RIGA, Latvia -- Not only can music enthusiasts in the Baltic states buy boatloads of pirated tunes on the streets, they pay taxes on the prohibited material.

And the governments of these former Soviet republics are doing nothing to stamp out piracy of intellectual property. In fact, they profit from it by imposing taxes on them, says Elita Milgrave, chairwoman of the Latvian Music Producers Association. By turning a blind eye to piracy, these governments could hold back the region as it tries to integrate into the economies of the developed world, particularly the European Union.

"The biggest problem in relation to piracy and the EU enlargement in new accession countries, and generally in Eastern Europe, is weak borders," said Raili Maripuu, regional expert for Eastern Europe's International Federation of the Phonographic Industry. "The new external border will be shared with Russia, Ukraine and Belarus, all three of which are notorious source or transit countries of pirate material."

Maripuu added that while the whole EU external border "needs a considerable improvement to make it watertight," the situation is the worst in the Baltics.

A report released in June by IFPI estimated the level of music piracy in Lithuania at 85 percent, with losses to the industry calculated at 12 million euros. The report also gauged the amount of piracy in the country's Baltic neighbors, Latvia and Estonia, at 65 percent and 60 percent, respectively. In comparison, the study found that Hungary, another country set to accede to the EU in spring, faced less severe copyright infringement at about 30 percent.

Western Europe is watching closely as eight Eastern European countries -- the Czech Republic, Estonia, Latvia, Lithuania, Hungary, Poland, Slovenia and Slovakia -- plus Cyprus and Malta, try to join the EU. The established countries want strict incorporation of EU directives on copyright protection written into the Eastern countries' national legislation.

Francisco Mingorance, European public policy director at the Business Software Alliance, believes that enlargement of the EU will have a serious impact on levels of pirated goods circulating in the bloc.

"The level of piracy in the software industry is about 35 percent in current EU member states and in Eastern Europe the piracy rates are generally twice as high," he said.

Mingorance noted that many software producers hope that the European Parliament will approve a new proposal for a broad enforcement directive on copyright protection. But Mingorance also admits that some Eastern European countries will have to beef up their efforts to catch copyright criminals.

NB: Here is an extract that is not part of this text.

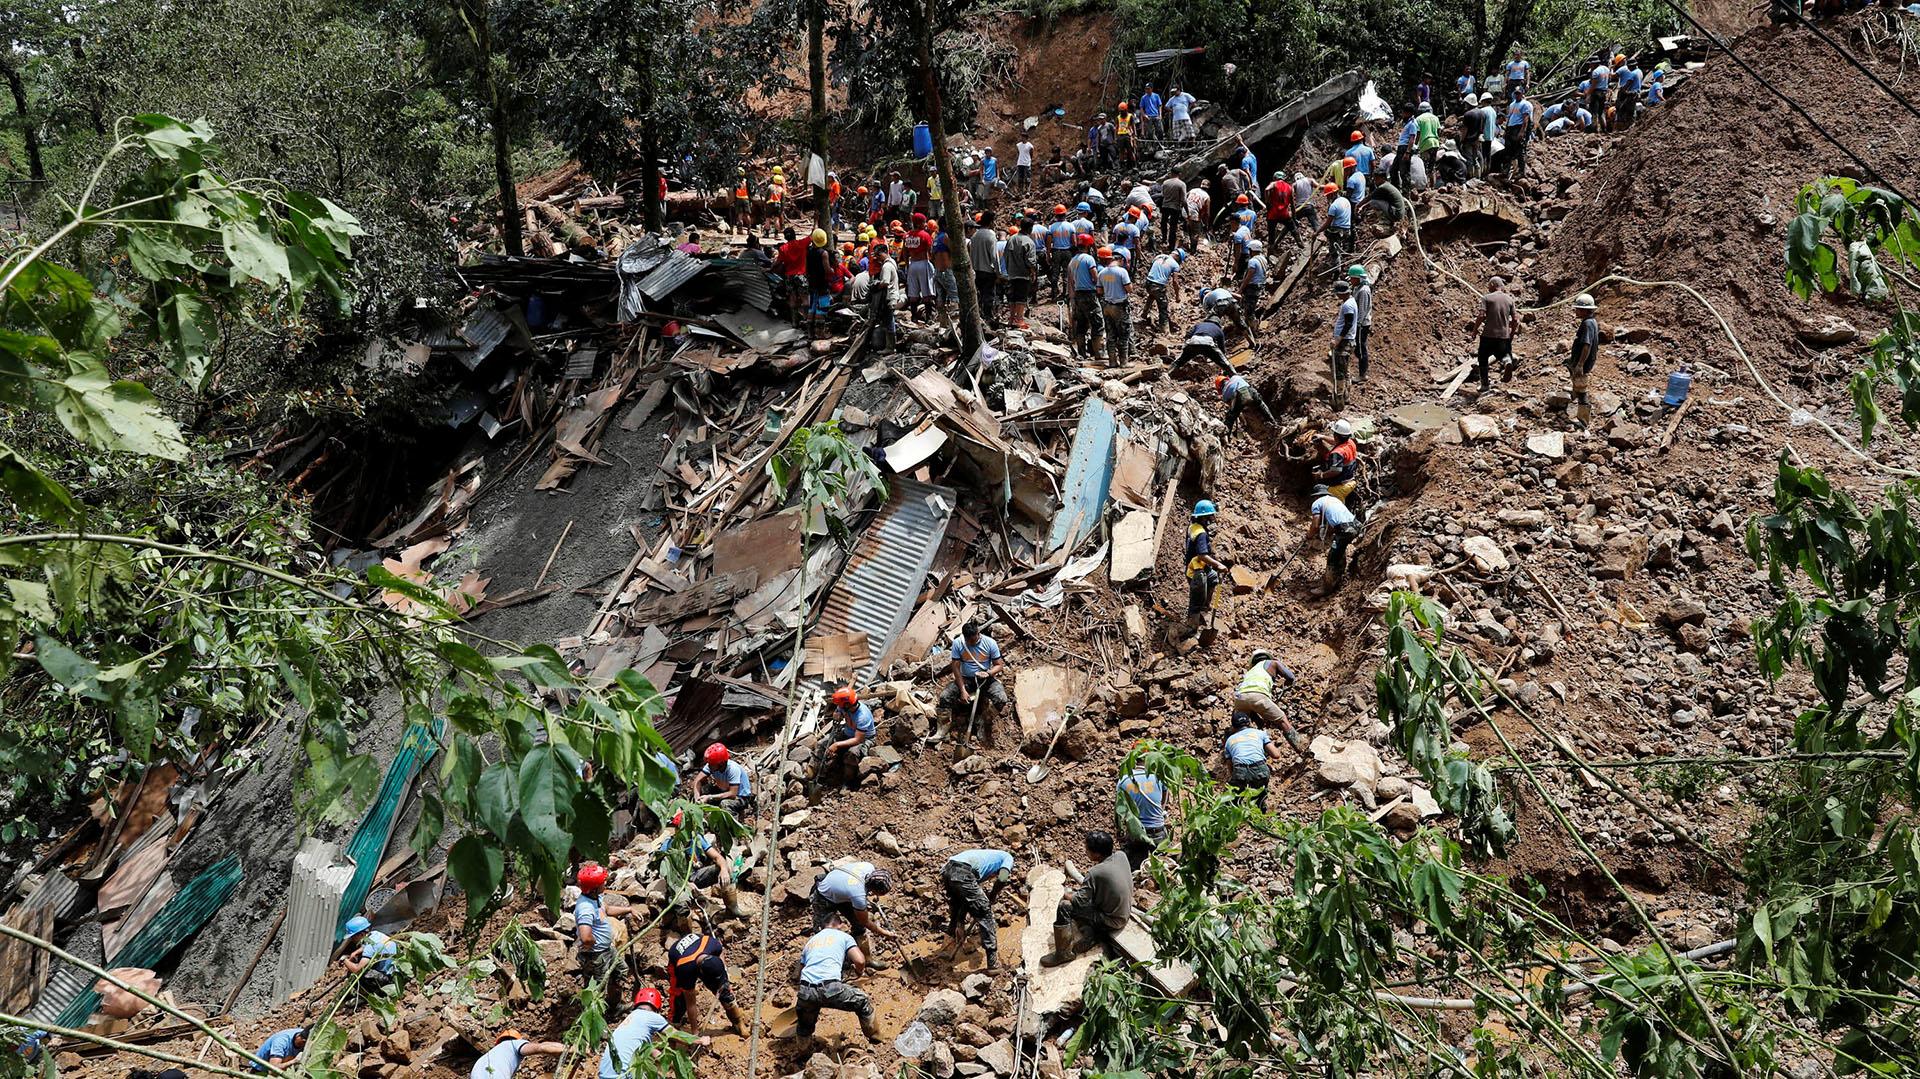 En septiembre, el tifón Mangkhut golpeó a China y Filipinas con vientos de hasta 330 kilómetros por hora. Dejó 133 muertos y destruyó unas 10 mil viviendas

Enforcers of copyright protection in the Baltics face an uphill battle, said Romans Baumanis, the region's representative to the Coalition for Intellectual Property Rights, which has helped coordinate a local lobbying effort for fiercer implementation and interpretation of related legislation.

A person suspected of violating copyright law in Latvia is assumed innocent until proven guilty, placing the burden of proof on the prosecutors, according to Baumanis, who also works as vice president and managing director of the PBN Company in the Baltics. He said that in other nearby countries, such as Sweden, the problem has been judged as serious enough to make an exception and shift this responsibility in cases of copyright and trademark infringement.

Milgrave noted that such cases are currently very expensive to pursue because Latvian law enforcers must provide expert evidence in court on every disk of a suspected illegal goods -- regardless of the number of disks involved in the case.

So far, the Baltics have produced mixed results. Although Latvia and Lithuania have ratified two recent treaties from the World Intellectual Property Organization that cover the electronic distribution of copyrighted works and performance, Estonia lags behind.

"The Internet is global, so it's essential to have treaties which establish the minimum level of protection on a global basis," said Jorgen Blomqvist, director of the copyright law division at the World Intellectual Property Organization in Switzerland.

Toomas Seppel, copyright specialist at the Estonian Ministry of Culture, said although the country plans to ratify the two treaties at the beginning of next year, solid enforcement is more important than lawmaking when it comes to controlling piracy.

Indeed, the software industry is having more success than the music industry at combating illegal distribution of copyrighted material in countries such as Latvia, said Sandis Voldins, executive director of the country's BSA committee. Voldins explained that in 2002 only 10 CDs of music (and not a single disk of software) were confiscated by Latvian border officials, but this year the number of confiscated disks has already reached the thousands. In his view, improvement in copyright protection has much to do with the nation's pending accession to the European Union.

"The EU matters here very much, because the government understands it cannot just leave these things undone," Voldins said.

He added that the influence of organized crime groups, which many see as the primary force behind music and software piracy, has become less outwardly apparent over the past few years.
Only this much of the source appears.